Description
Assuming that a SIMPLE_CSV format download is a subset of the DWCA download - as per the GBIF download FAQ entry:
CSV: Tab delimited CSV. Only contains the data after GBIF interpretation. No multimedia included. More information about CSV
Darwin Core Archive: The Darwin Core Archive (DwC-A) contains both the original data as publisher provided it and the GBIF interpretation. Links (but not files) to multimedia included. More information about DwC-A
... then it would be good to have a utility that could create a SIMPLE_CSV format file from the larger DWCA.
Rationale: - a user develops a script that needs only minimal data and therefore is designed to operate on SIMPLE_CSV format input. Another user of the script has a pre-existing DWCA format download and wants to use this as input to the script (without having to create another download) - so they need a way to slim down the DWCA to the SIMPLE_CSV set of fields.
Is there a GBIF metadata service that returns the fieldnames used in each of these download formats which could help? If so, pygbif could provide access to this and a column rename mapping (if required).
Activity
jmbarrios commentedon Nov 15, 2023
I believe such thing is outside of the scope of this package. Also there is a Python package to manipulate a DWC Archive python-dwca-reader.
These package are developed to work with the GBIF DWCA downloads.
nickynicolson commentedon Nov 15, 2023
The default download format for occurrences appears to be SIMPLE_CSV:
pygbif/pygbif/occurrences/download.py
Line 69 in 9590fcf
jmbarrios commentedon Nov 15, 2023
Indeed, the current default parameter is
SIMPLE_CSV
, and the supported formats are listed here.A major challenge when working with a DWCA is that this format is not always consistent. Many times, there isn't a common way to map extra tables to one table. For instance, in the case of a multimedia table, you can expect the
id
field to be present in amultimedia.txt
file. However, it could have a one-to-many relation with an occurrence. In such cases, what would be a common mapping strategy from the multimedia table to a plain table?I believe that the
SIMPLE_CSV
format is just focused on share occurrence data without additional information.nickynicolson commentedon Nov 15, 2023
My request is about occurrences only and relates only to DWCA downloads originating from GBIF (pygbif is about facilitating access to the GBIF API from Python).

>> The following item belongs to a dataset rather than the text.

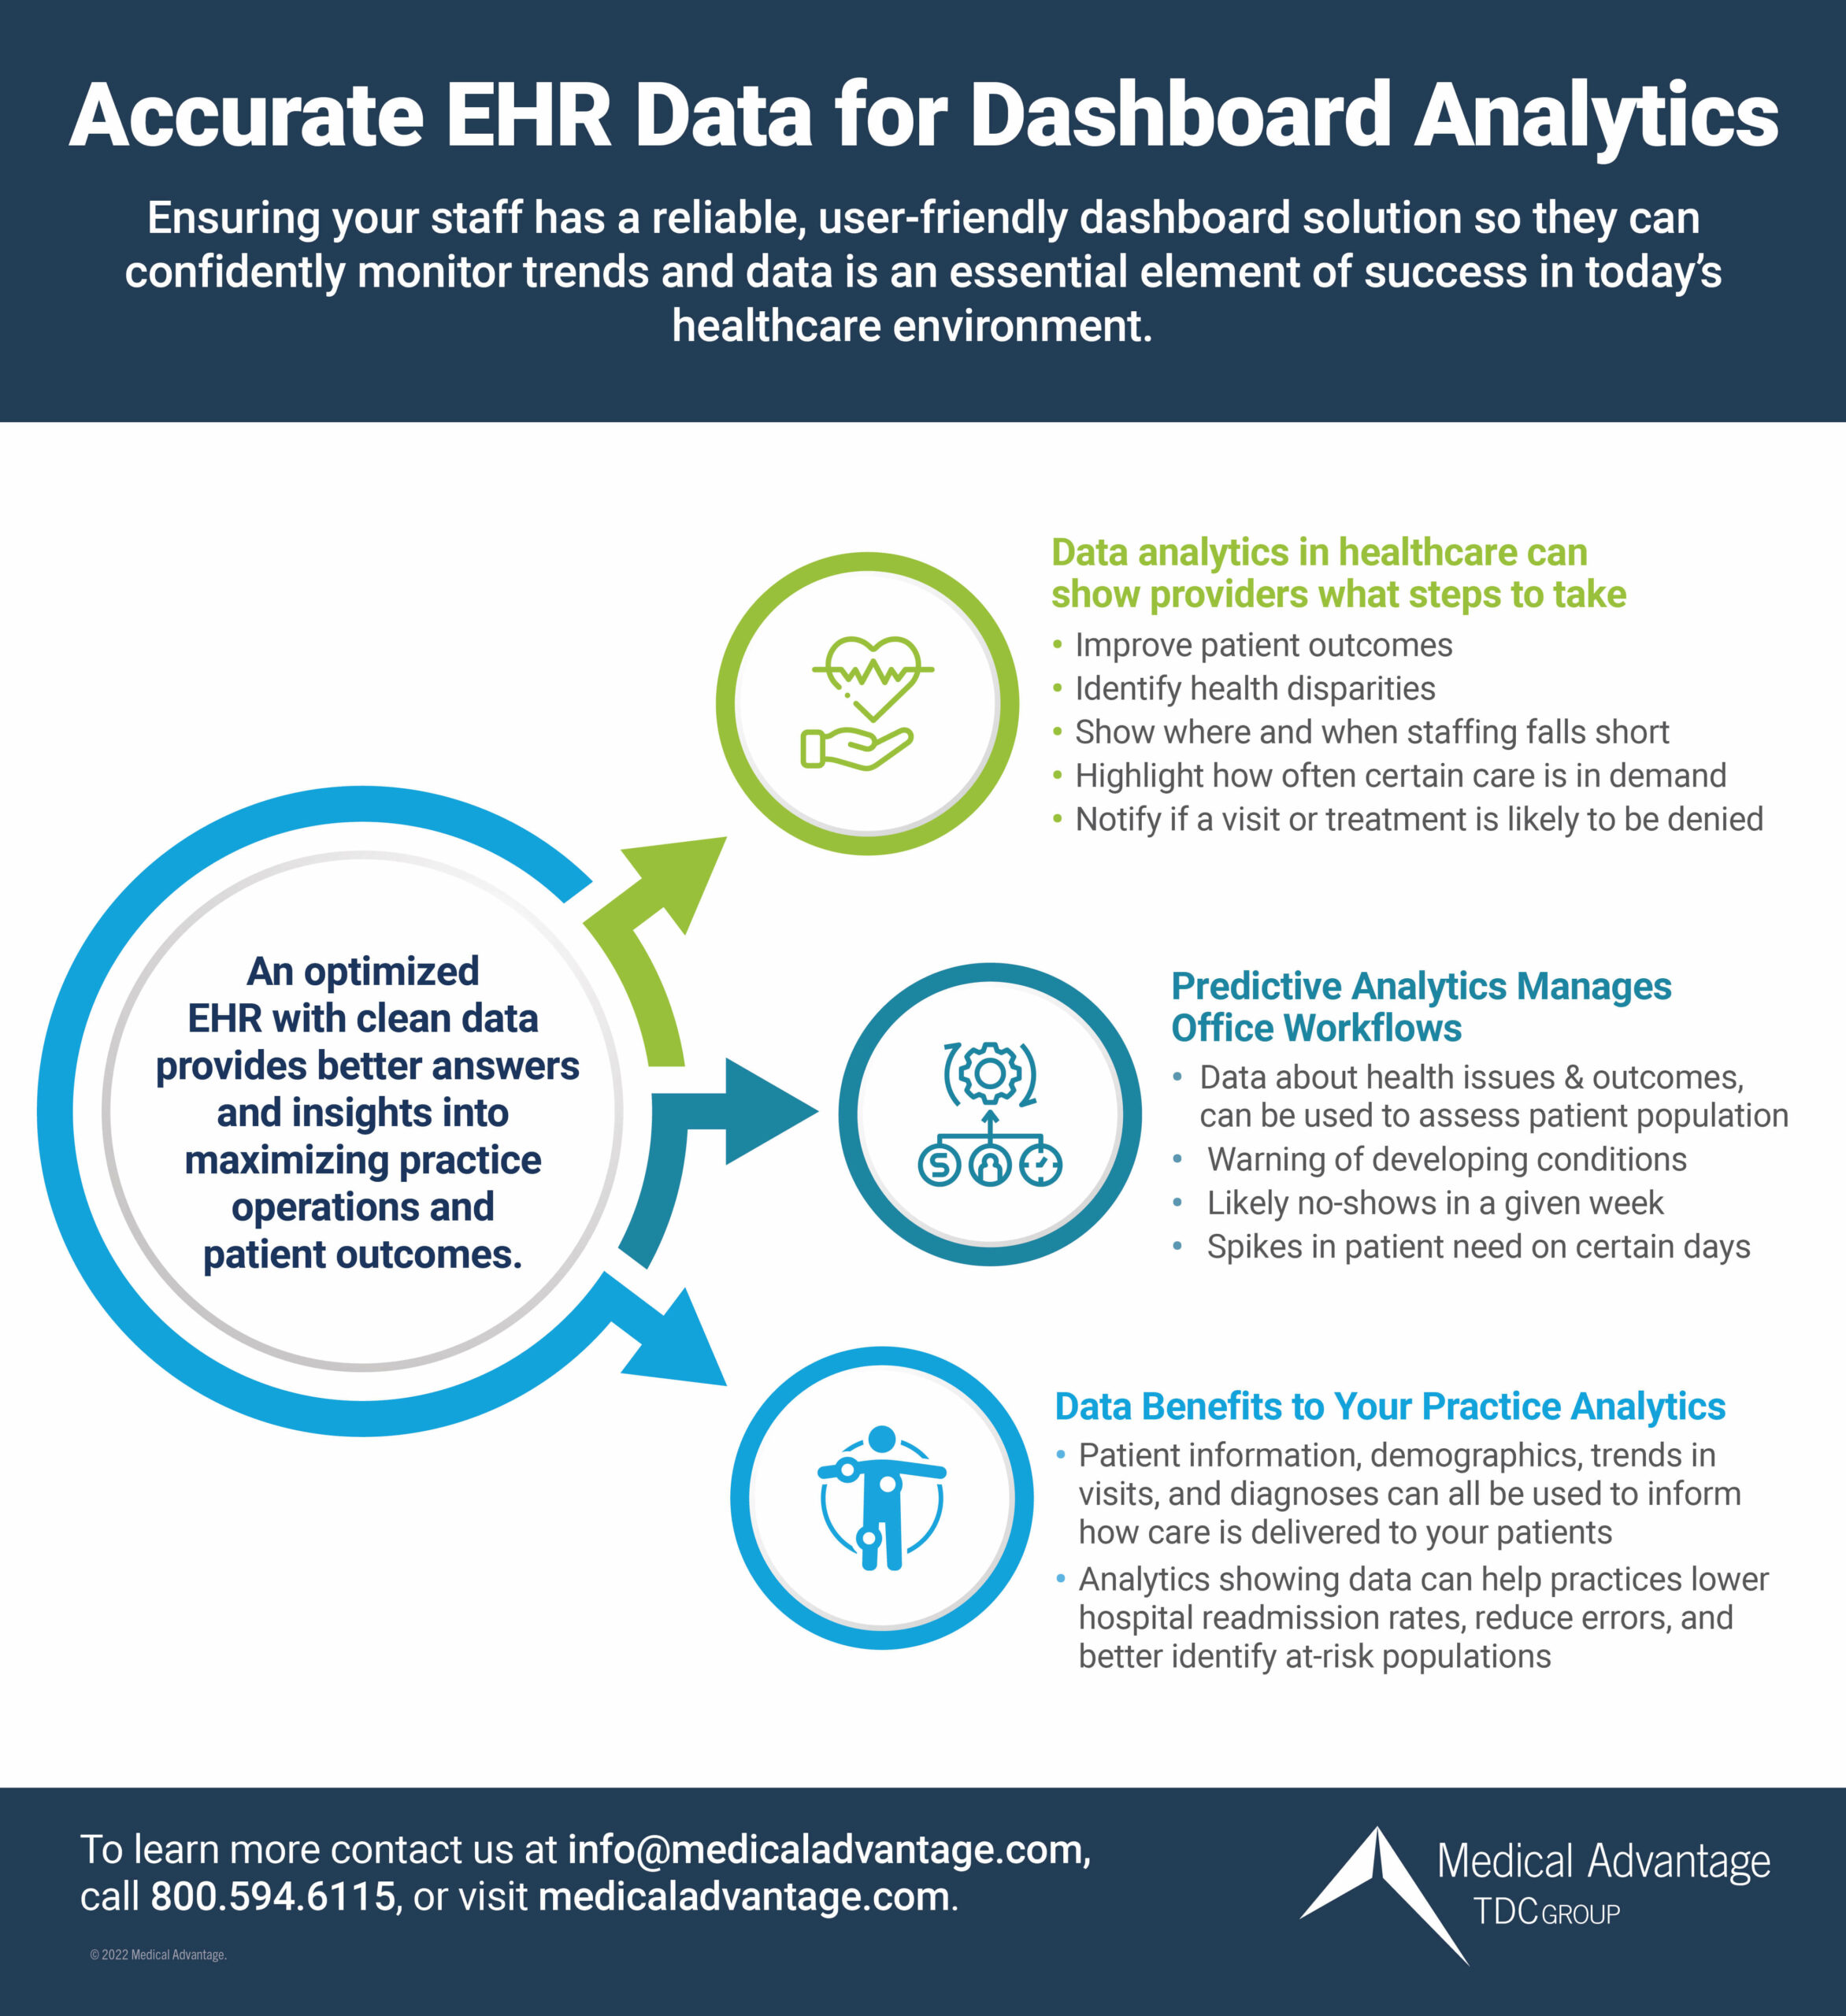 Make Sure EHR data is accurate for Dashboard Analysis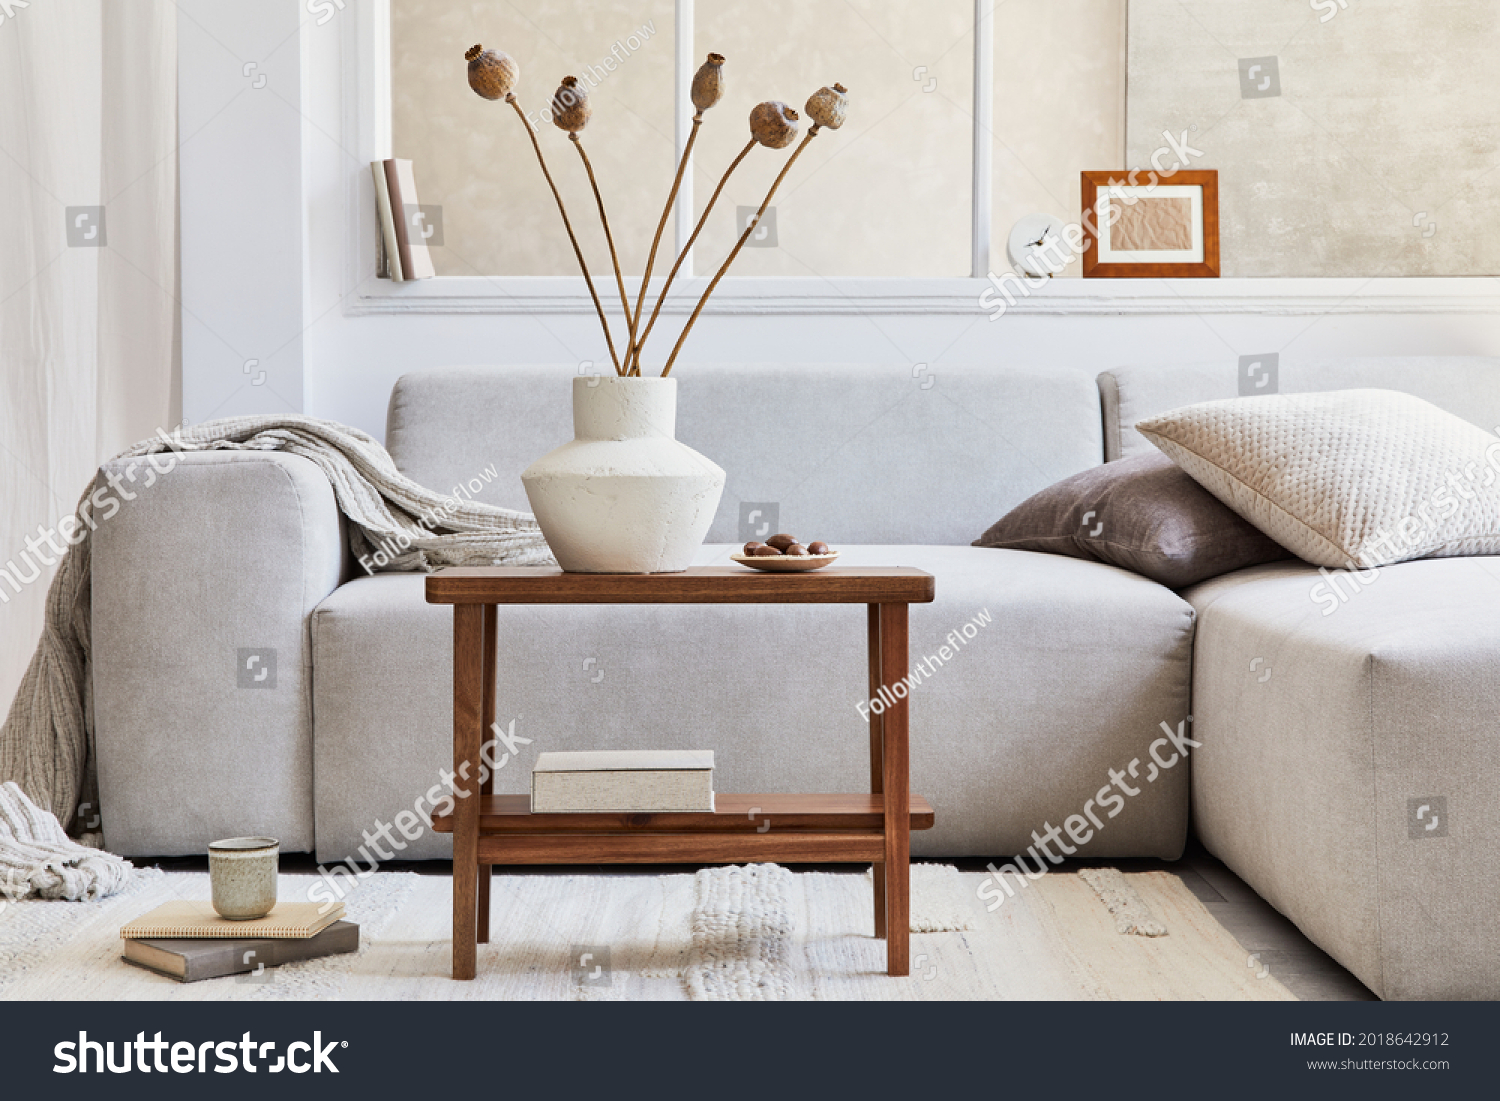 Creative composition of stylish living room interior with grey corner sofa, window, wooden coffee table, vase with dried flowers and personal accessories. Beige neutral colors. Template. #2018642912

As GBIF is able to represent occurrence data in both DWCA and SIMPLE_CSV formats I'd like to be able to convert from DWCA to SIMPLE_CSV.
Out of interest, are you speaking for GBIF @jmbarrios ?
jmbarrios commentedon Nov 15, 2023
No, I'm not. Also I am not associated with GBIF.
MattBlissett commentedon Nov 15, 2023
Hi Nicky,
There's an experimental (not necessarily stable, not documented) API for the columns returned in GBIF downloads:
The
SIMPLE_CSV
format should be a Simple Darwin Core-compatible file, see §6.1 where these files can be shared without a meta.xml description. It's also a subset of the occurrence file in aDWCA
format download, and the column names should be identical — if a CSV reader is referencing columns by name it should work fine with either file.@CecSve is maintaining pygbif, but is on leave until the end of January.
nickynicolson commentedon Nov 16, 2023
Thanks @MattBlissett - if / when this becomes stable it might be good to consider making it available from the pygbif library.
I did find two fields in SIMPLE_CSV that are not in DWCA:
publishingOrgKey
andverbatimScientificNameAuthorship
MattBlissett commentedon Nov 17, 2023
My mistake,
verbatimScientificNameAuthorship
should bescientificNameAuthorship
from verbatim.txt.publishingOrgKey
would need to be retrieved using the API.